Duo Security sponsored our team to study how UW power users (people who had linked five or more personal accounts) navigated the app. We couldn't find them. A screening survey of 23 UW respondents revealed that 39.1% didn't know they could link third-party accounts to Duo at all. The feature existed; the awareness didn't.

When we pivoted the study to test whether regular users could complete the account-linking flow, four of six participants failed. Three interlocking design problems made the flow nearly impossible for first-time users: missing context, inaccurate instructions, and a trust gap that turned a security feature into a perceived threat. We documented them, rated their severity, and delivered actionable recommendations directly to Duo's product team at Cisco.

My Role

On a five-person team sponsored by Vanessa Chien Lai at Duo Mobile / Cisco, I contributed across research design, execution, and synthesis. The table below maps what I specifically owned versus what was shared.

Area My contribution
Survey design Co-designed the screening survey instrument, wrote question copy, and coordinated distribution through UW channels.
Study design Contributed to the usability study plan and study kit, including task definitions and moderator guide.
Testing Moderated usability test sessions with think-aloud protocol, audio recording, and post-task surveys.
Synthesis Co-led affinity mapping of qualitative data and applied the HCDE 517 severity rating scale to classify findings by frequency, impact, and persistence.
Reporting Contributed to the final study report and stakeholder presentation delivered to Duo's product team. Team point of contact was Gavriil Kochevrin.

Context

Duo Security handles over one billion monthly authentications. At the University of Washington, it's the mandatory gateway for logging into Canvas, email, and every other institutional system. Nearly every student, faculty member, and staff employee uses it daily, but almost exclusively for one thing: approving the push notification when logging into a UW service.

Duo also supports a feature most users don't know exists: linking third-party personal accounts (Gmail, Instagram, Amazon) to use Duo as a general-purpose 2FA app. In HCDE 517: Usability Studies, our five-person team was sponsored by Duo Security to investigate how well UW users could discover and use that feature.

The research question Duo brought to us was focused on power users: people who had intentionally linked five or more personal accounts and were using Duo as a primary 2FA manager.

Original research question: How do power users interact with Duo Mobile's interface? How do they navigate when logging into several applications back to back, and how do they find the right passcode in a long list of connected services?

We couldn't find them. Survey recruitment across UW channels reached 23 respondents, and the data made clear why power users were rare: 39.1% of UW Duo users didn't know they could link third-party accounts at all. The feature's target user didn't exist in quantity because the feature wasn't discoverable.

Refined research question: Can regular UW users complete the third-party account-linking flow at all, and if not, what's stopping them?

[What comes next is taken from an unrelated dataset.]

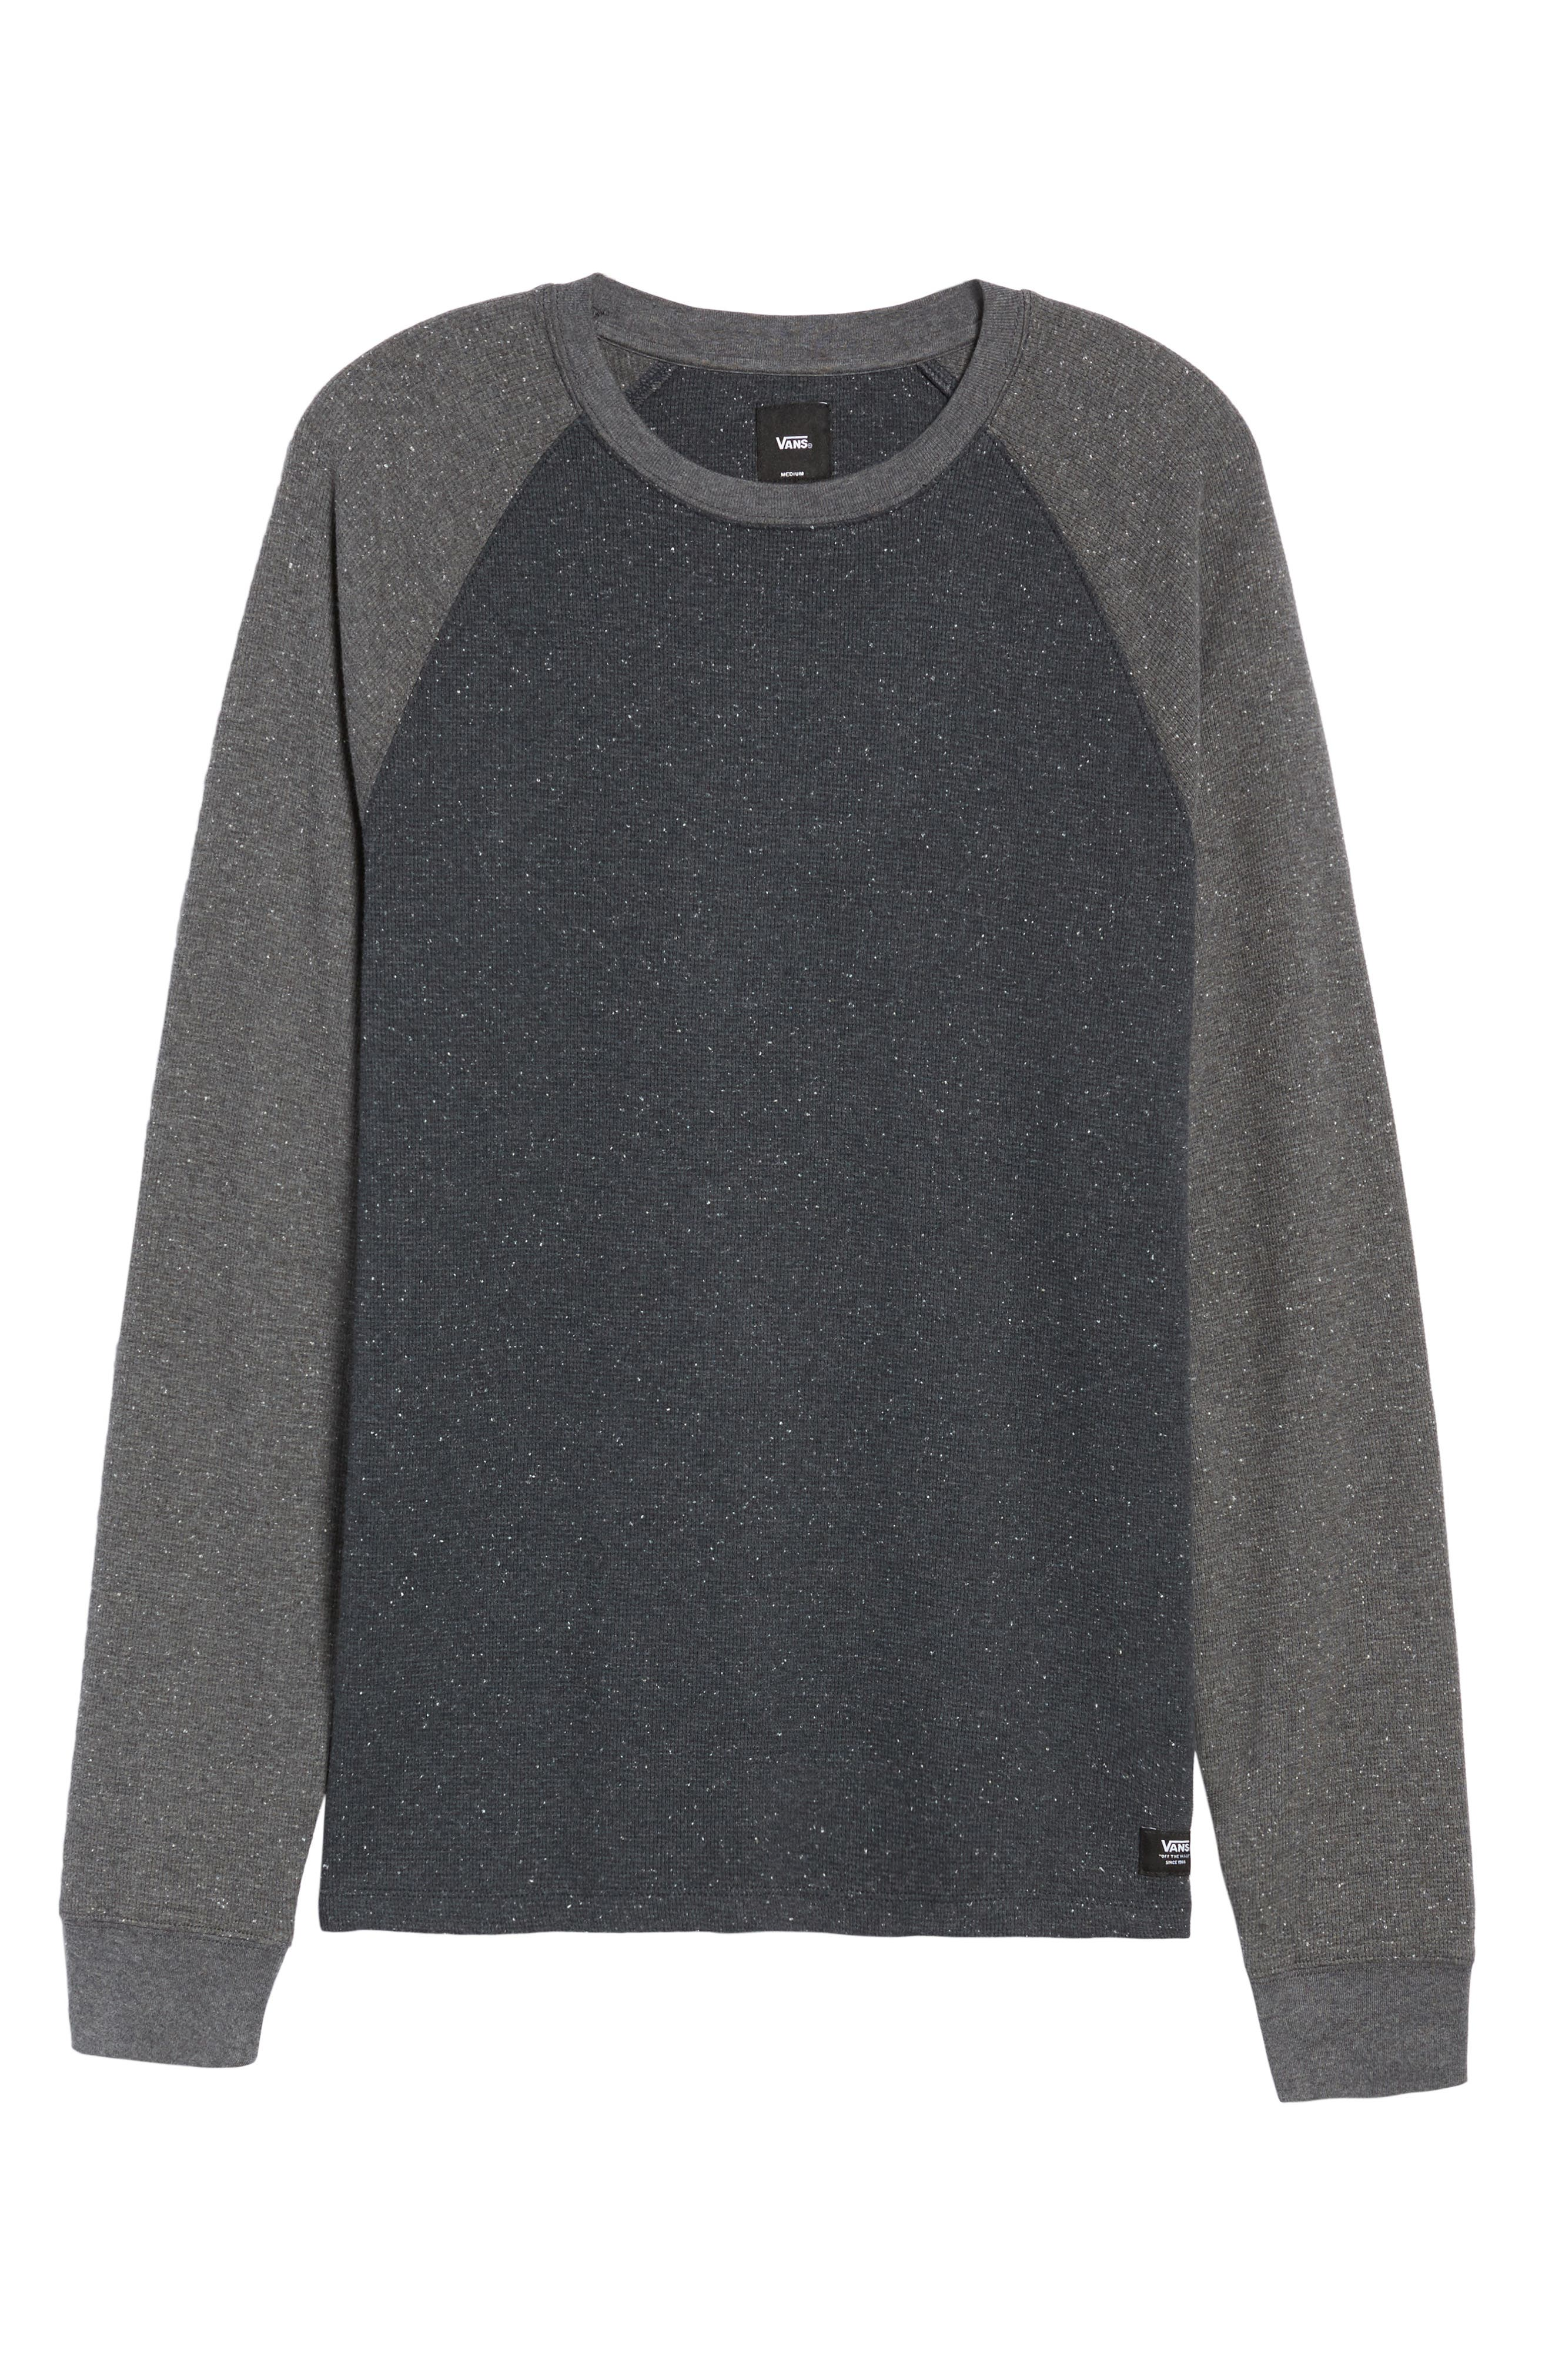 Burdett Thermal T-Shirt,                             Alternate thumbnail 6, color,                             001

This pivot became the study's first finding before testing even began. Designing for power users was premature when basic users couldn't complete the flow.

Method

The study ran in two phases over the Winter 2024 quarter, with findings delivered to Duo stakeholders at the end of Week 11.

Method Scope Format
Screening survey n = 23 Demographics, Duo usage patterns, feature awareness, and usability test recruitment; distributed via UW channels over 9 days (Feb 16–25)
Usability testing n = 6 Moderated in-person sessions with think-aloud protocol, audio recording, and post-task questionnaires; 3 tasks per participant (Feb 25 – Mar 1)

Phase 1: Screening survey

A Google Forms survey gathered demographic data, Duo usage patterns, and awareness of the third-party linking feature. The latter half invited interested respondents to sign up for a usability test session. We received 23 responses; 17 expressed interest in follow-up testing.

The survey also served double duty as a recruiting screener: participants needed to be UW-affiliated, actively using Duo in an academic context, 18 or older, and willing to use their mobile device during a session.

Phase 2: Moderated usability testing

We selected 6 participants from the 17 interested respondents and conducted moderated in-person sessions in booked campus rooms with audio recording (with consent). Each participant completed three tasks with think-aloud protocol and a post-task questionnaire (7-point scale for difficulty, perceived duration, and likelihood of continued use) after each:

For analysis, we organized qualitative data through affinity mapping and applied the HCDE 517 severity rating scale to classify each finding. The scale uses three dimensions (frequency, impact, and persistence), each rated as moderate or serious:

Participants

Six participants: 4 students, 1 instructor, 1 employee. Four iOS users, 2 Android. Four women, two men. All were active UW Duo users in educational contexts.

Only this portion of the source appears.